Ultimately there are a bunch of theories as to what is what. 

Is the mutated offspring of neutron bomb testing site victims living under Weaver like some kind of southwestern CHUDs? (Side note, in the pits of this grippe I can totally hear a commercial now, boasting that we should "Come try our brand-new southwestern CHUD sauce, only during 2-for-1 Fiesta Days at Applebee's!") 
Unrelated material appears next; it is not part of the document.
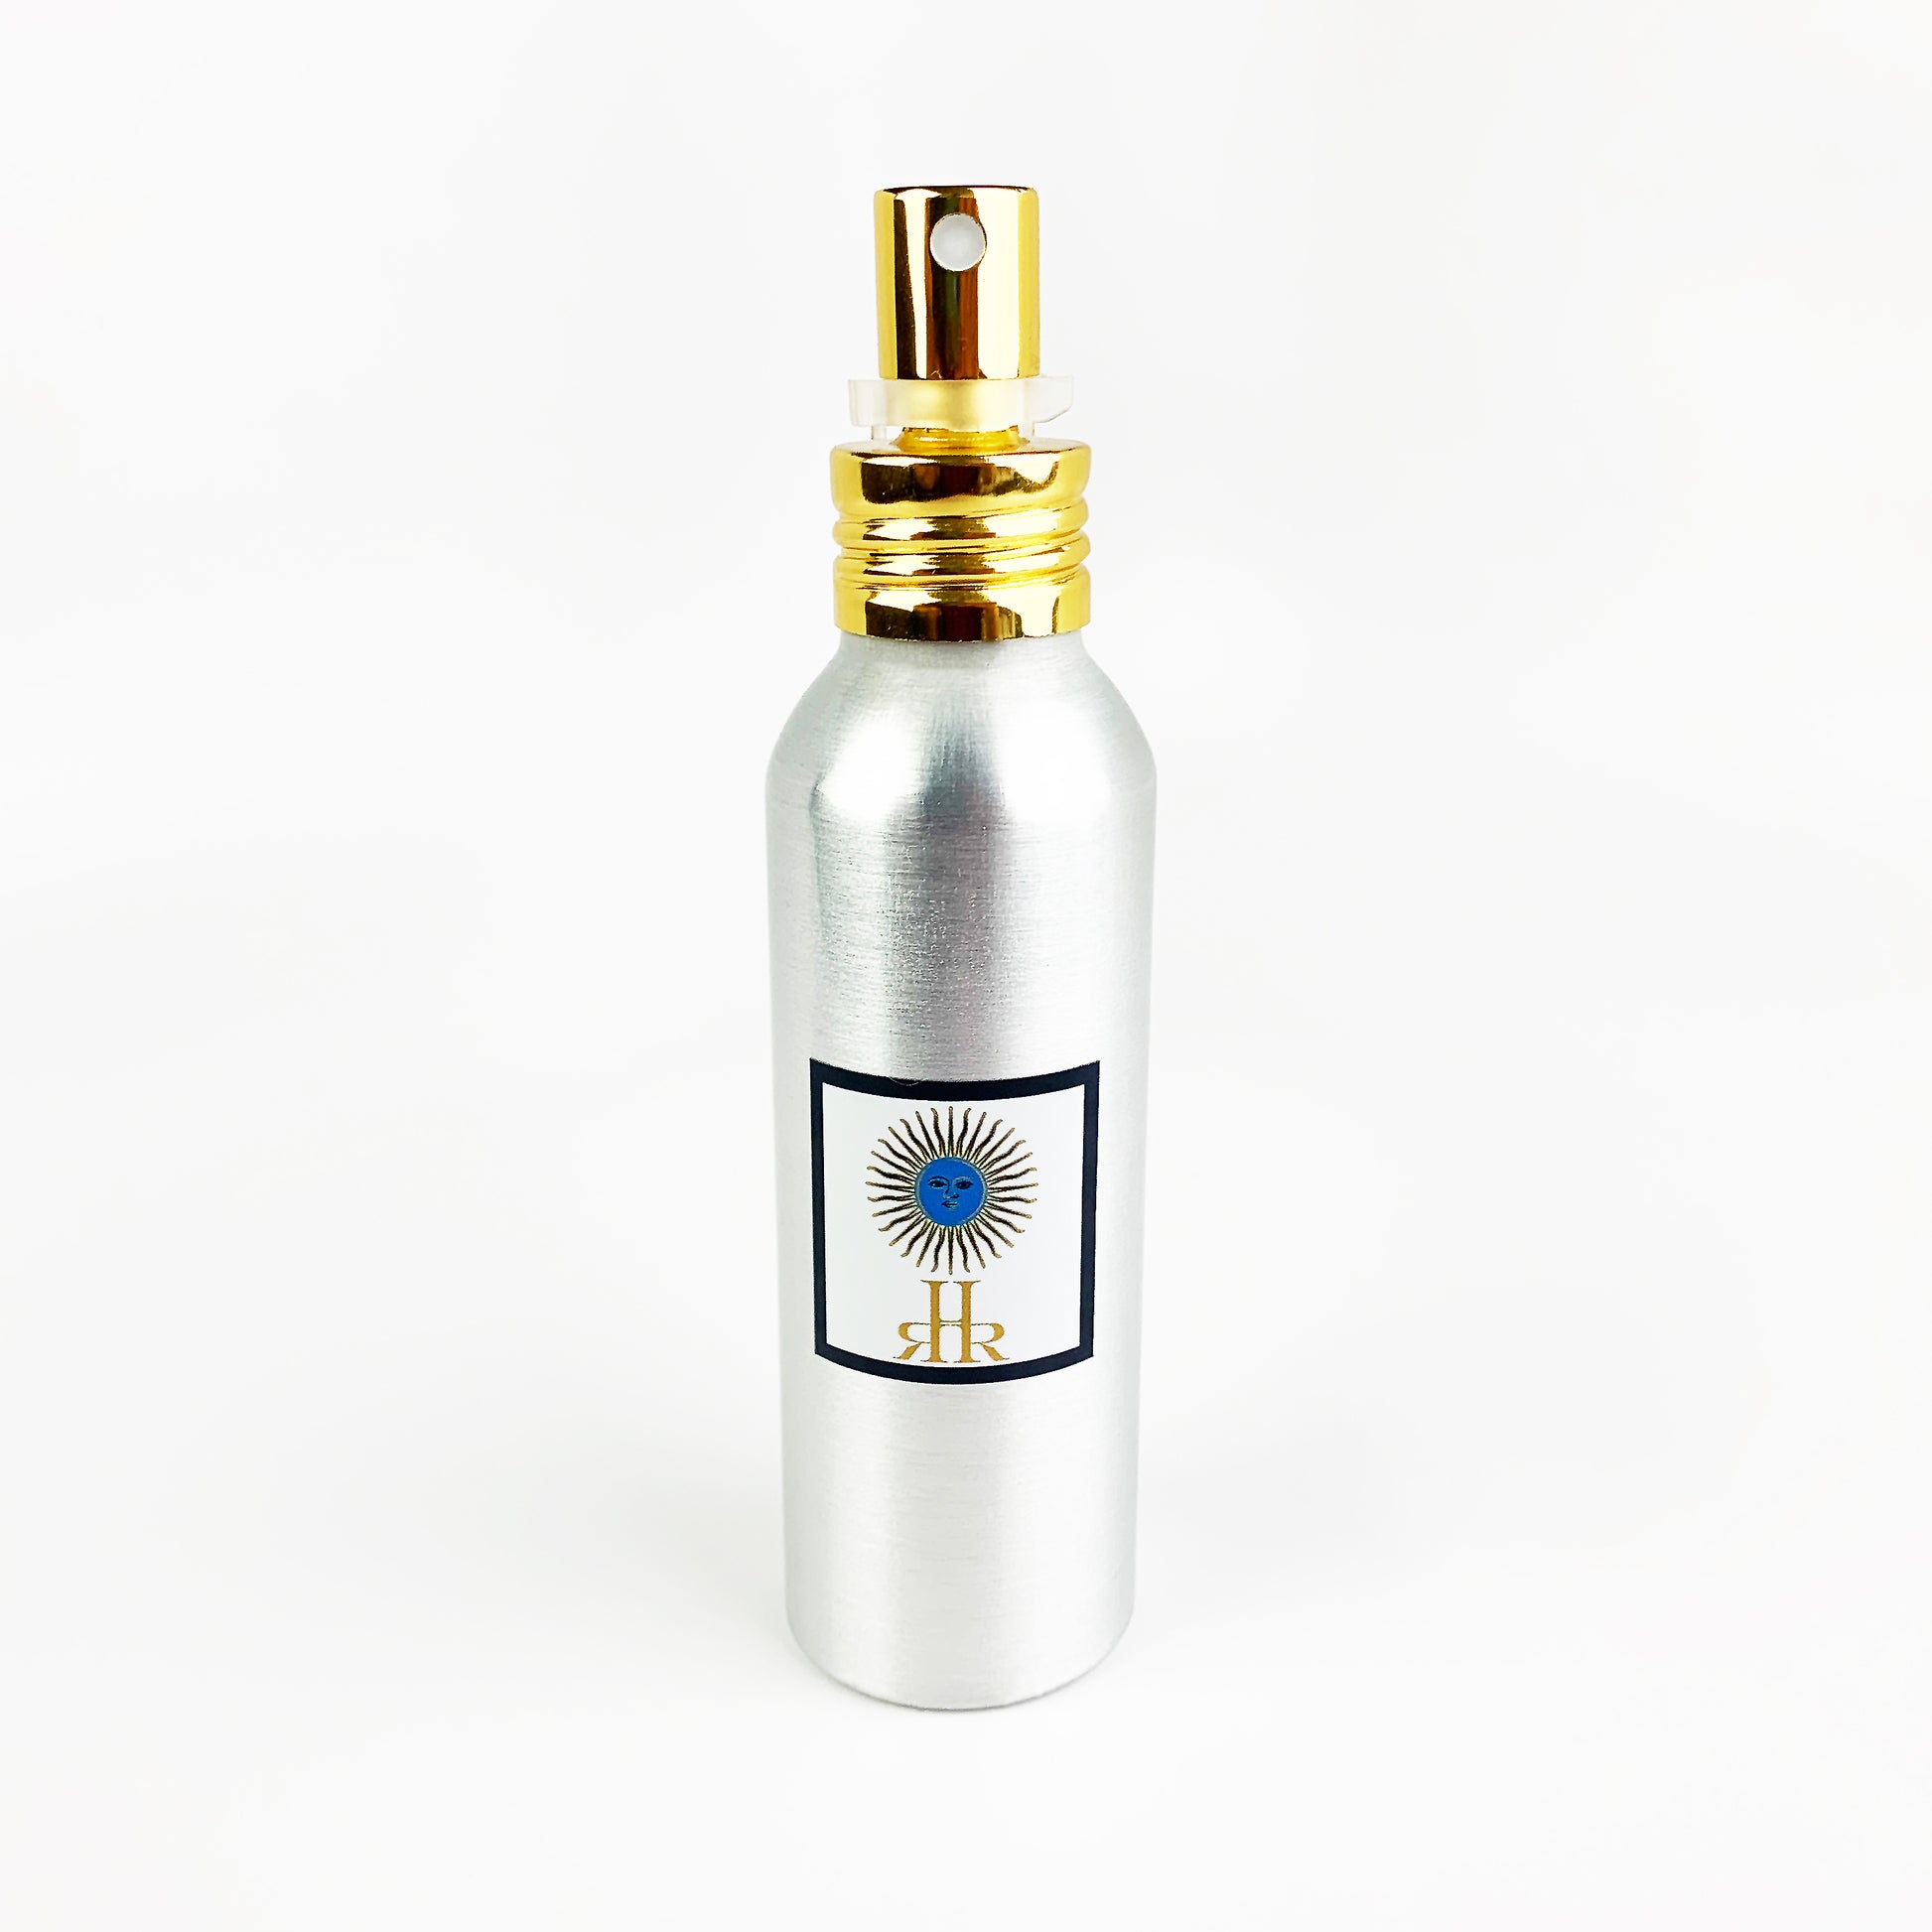 Atlántico Travel Room Spray - RHR Luxury Home Fragrance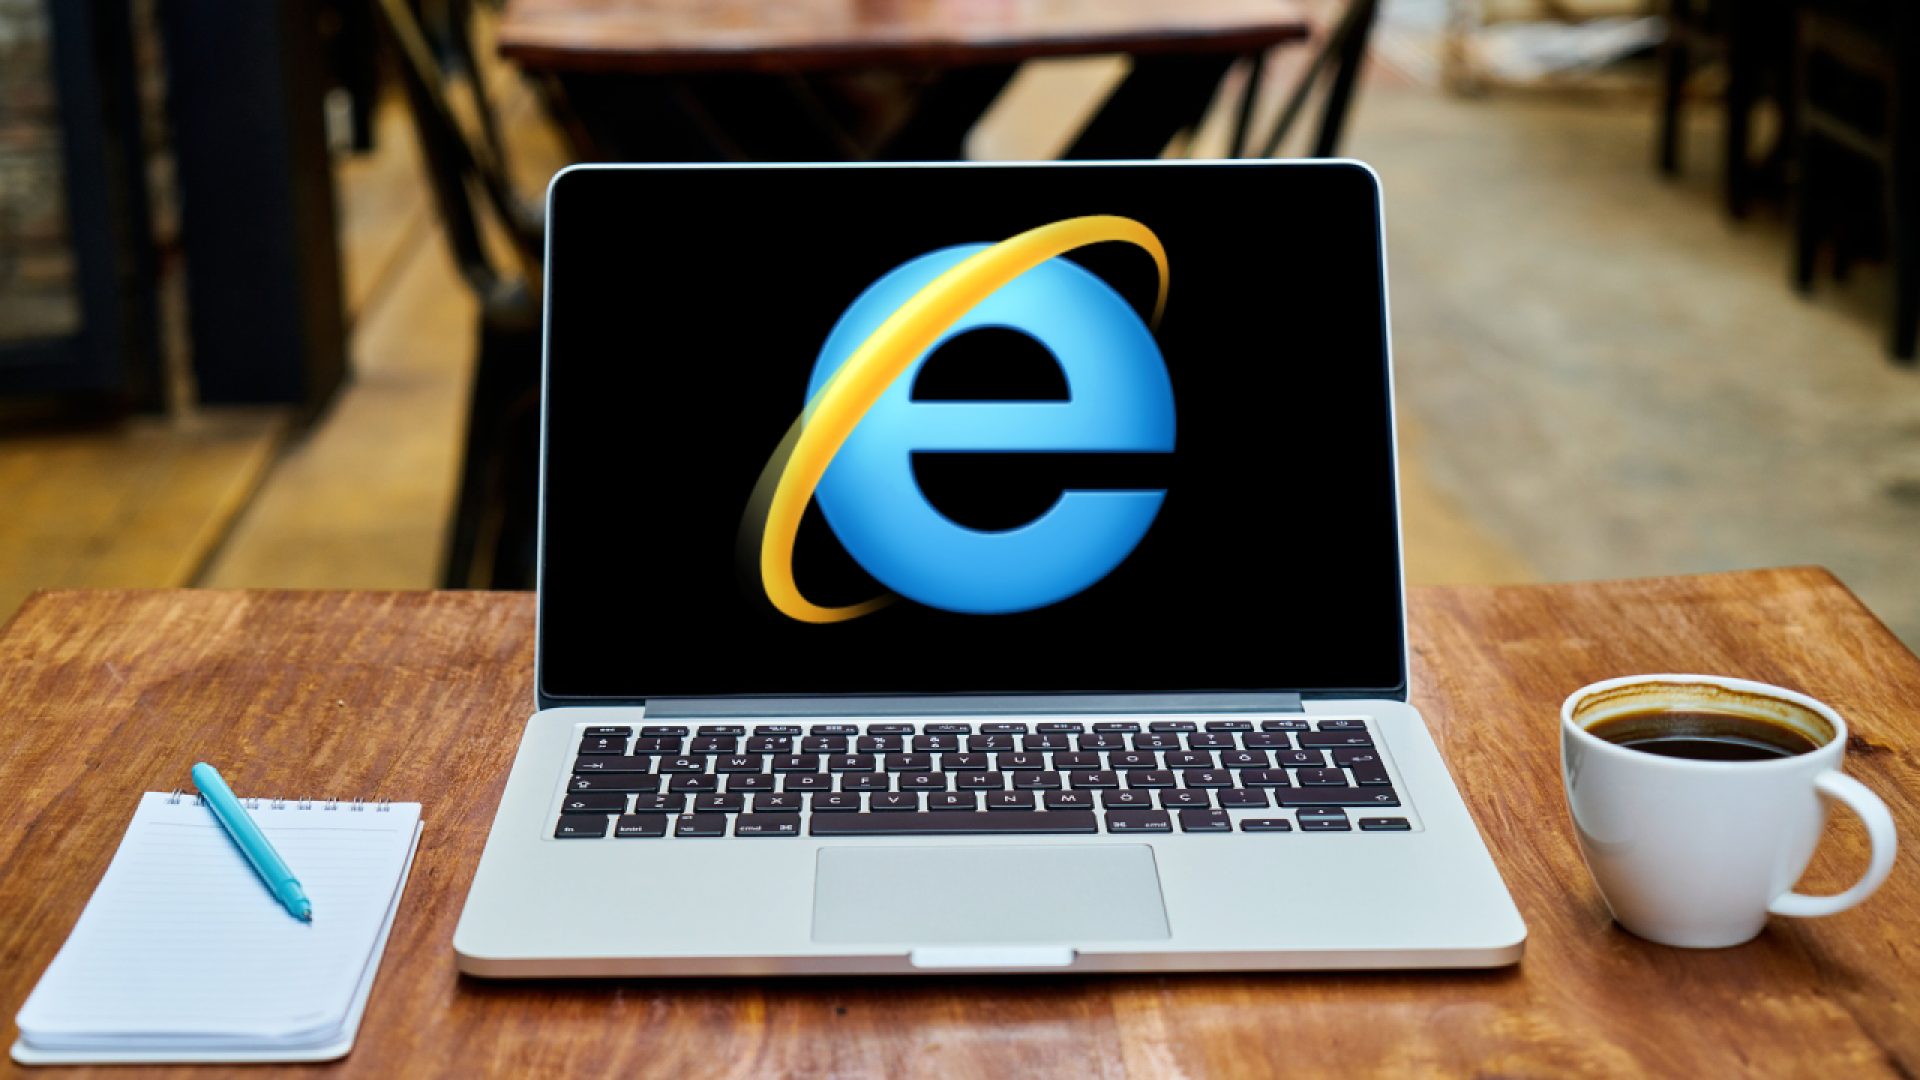 Microsoft will finally shut down Internet Explorer in February 2023

Is it the ol' "haunted ancient Indian burial ground" gag? (That is literally what they call it, so don't @ me!)

Is it aliens?

In the end, I don't think it makes a lick of sense. But 1) Maybe my soft-n-silky smooth sickness brain simply couldn't parse what was going on, and 2) Whether it made any sense or not, I do not care.

Because I had a great time! The tropes at work, as well as a passing nod to The Texas Chain Saw Massacre, mean it hits many a-beat you've heard before but you know what? That's okay In fact, that's more than okay when you are feeling like CHUD crud. Tropes? Susan Dey? Harry Hamlin? A Town with a Secret? That is pure comfort, a better balm than even onion sandwiches sorry, gramma) or the freedom and safety you feel while driving a Ford Excursion™. As always, Mother Tubi knows best.